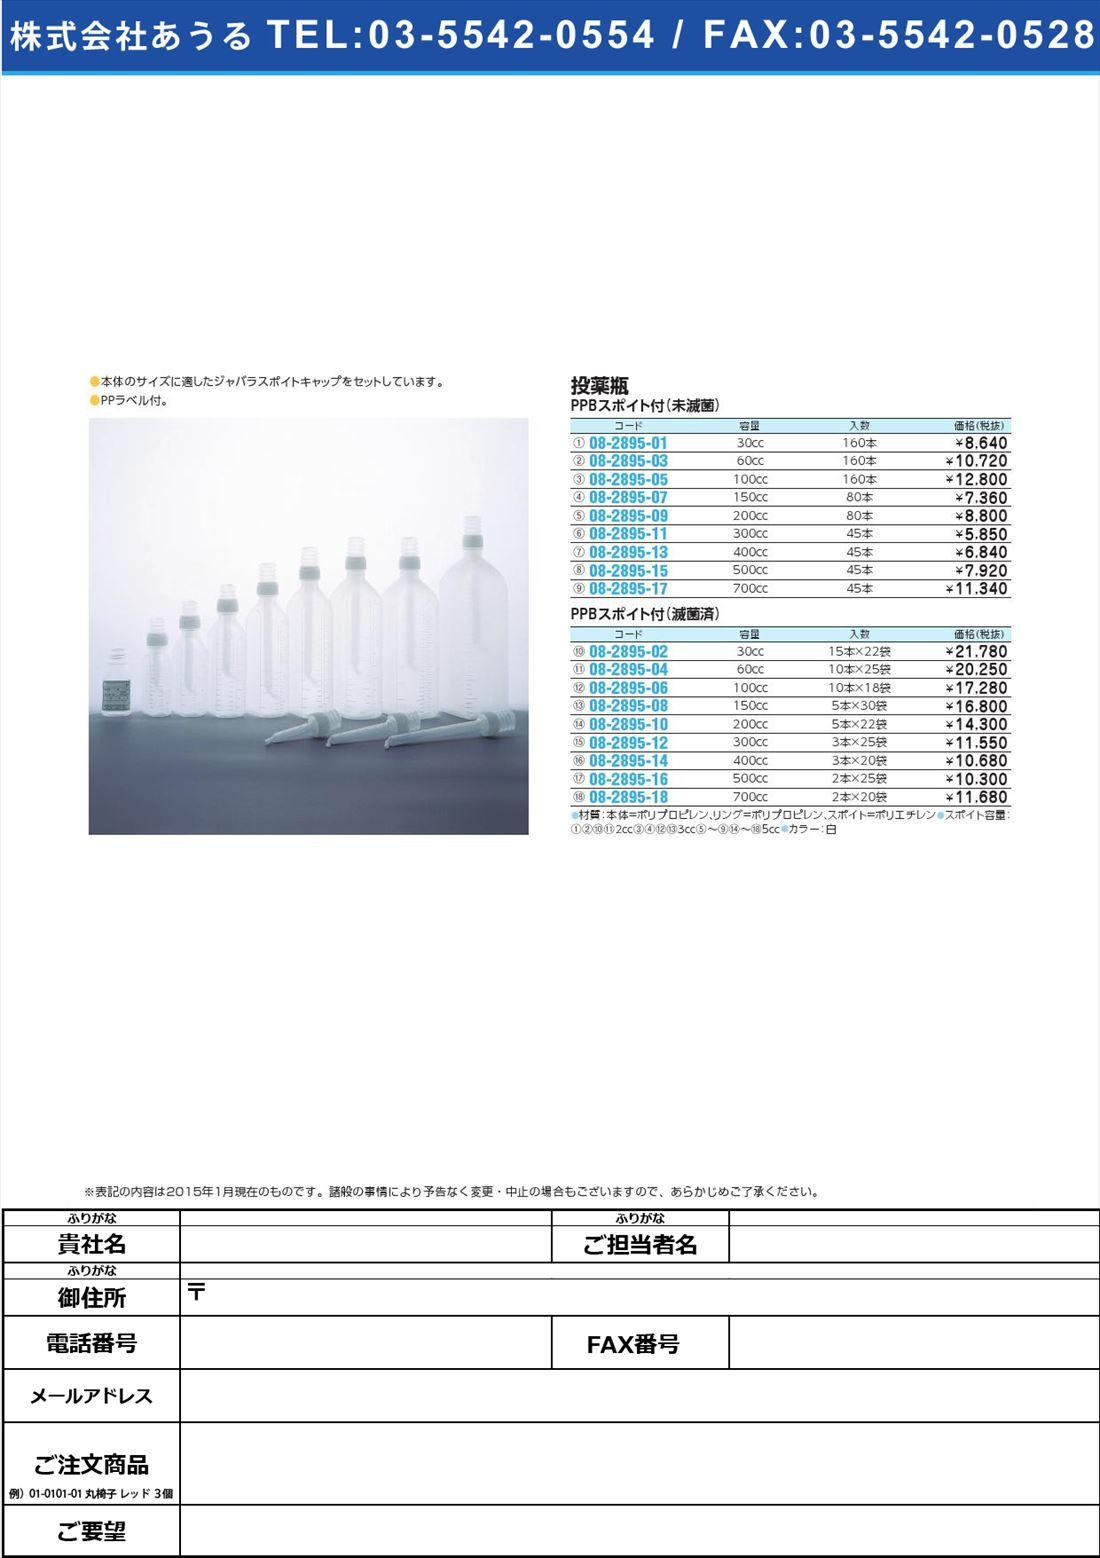 投薬瓶PPBスポイト付(未滅菌) PPBスポイトツキ(ミメッキン) 500CC(45ホンイリ)【1梱単位】(08-2895-15)
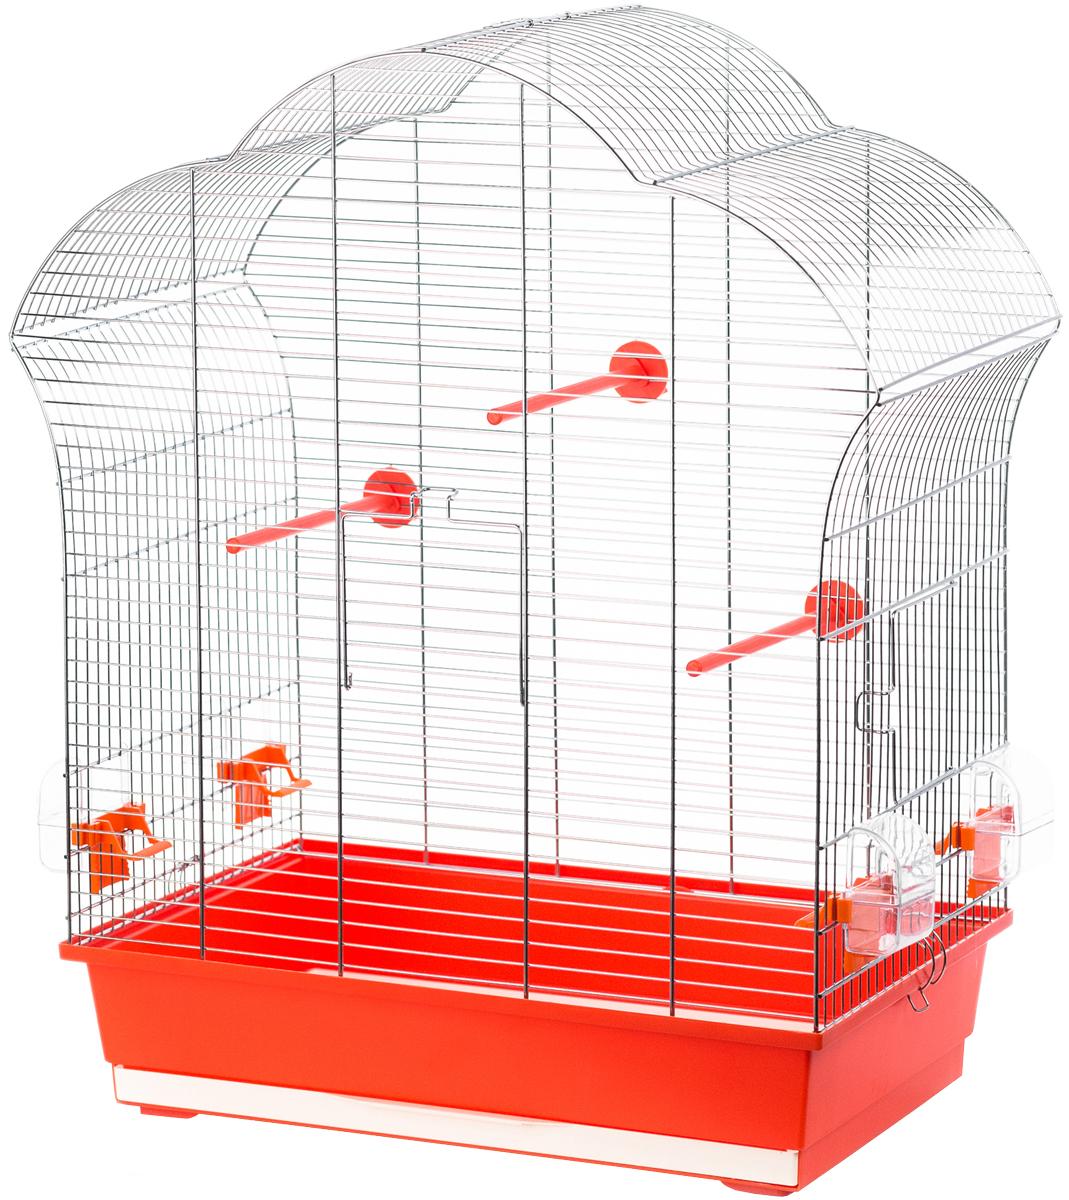 Клетка для птиц Inter-Zoo P304 Laura Iii оцинкованная 60,5 х 34 х 71,5 см (1 шт) фото
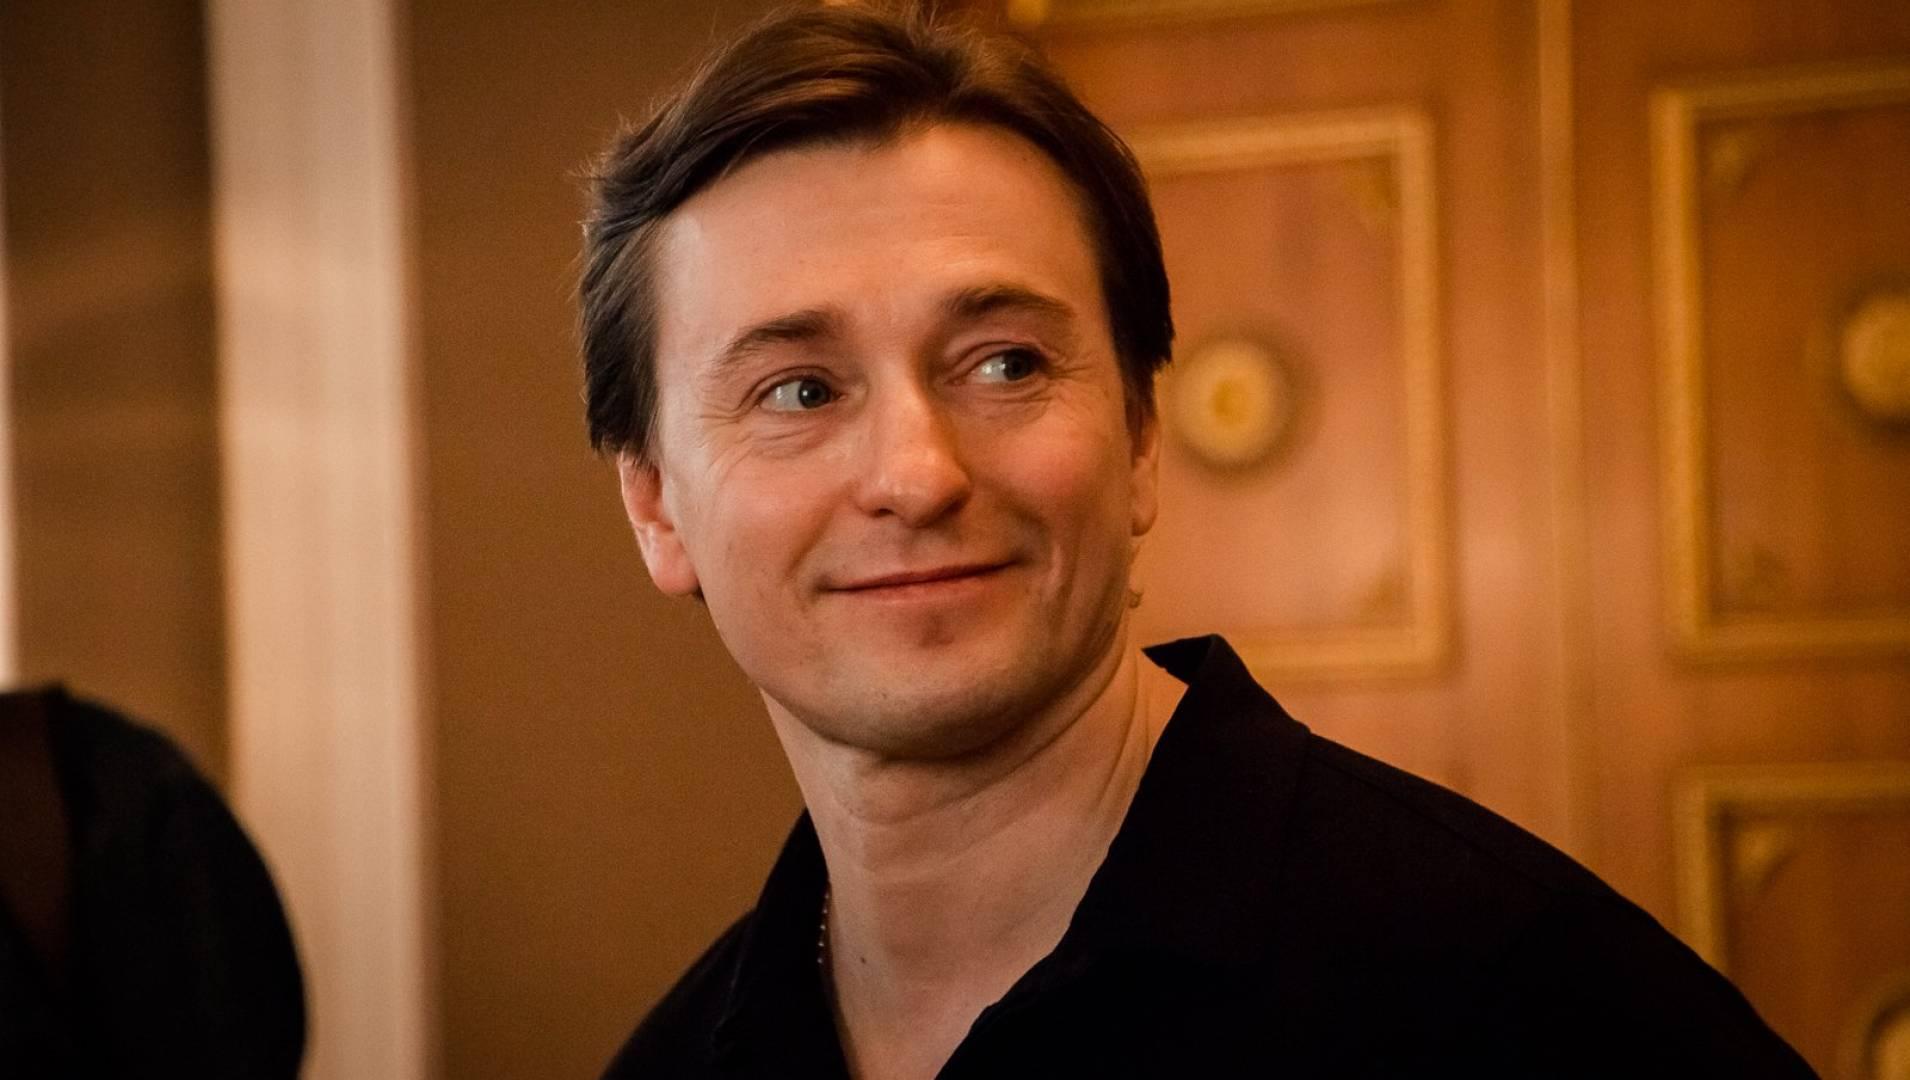 Сергей безруков документальные фильмы аврил лавин ноу бади хоум

______________________________

Copy the whole of the material above exactly, but not its images.

 投薬瓶PPBスポイト付(未滅菌) PPBスポイトツキ(ミメッキン) 500CC(45ホンイリ)【1梱単位】(08-2895-15)
 Клетка для птиц Inter-Zoo P304 Laura Iii оцинкованная 60,5 х 34 х 71,5 см (1 шт) фото
 Сергей безруков документальные фильмы аврил лавин ноу бади хоум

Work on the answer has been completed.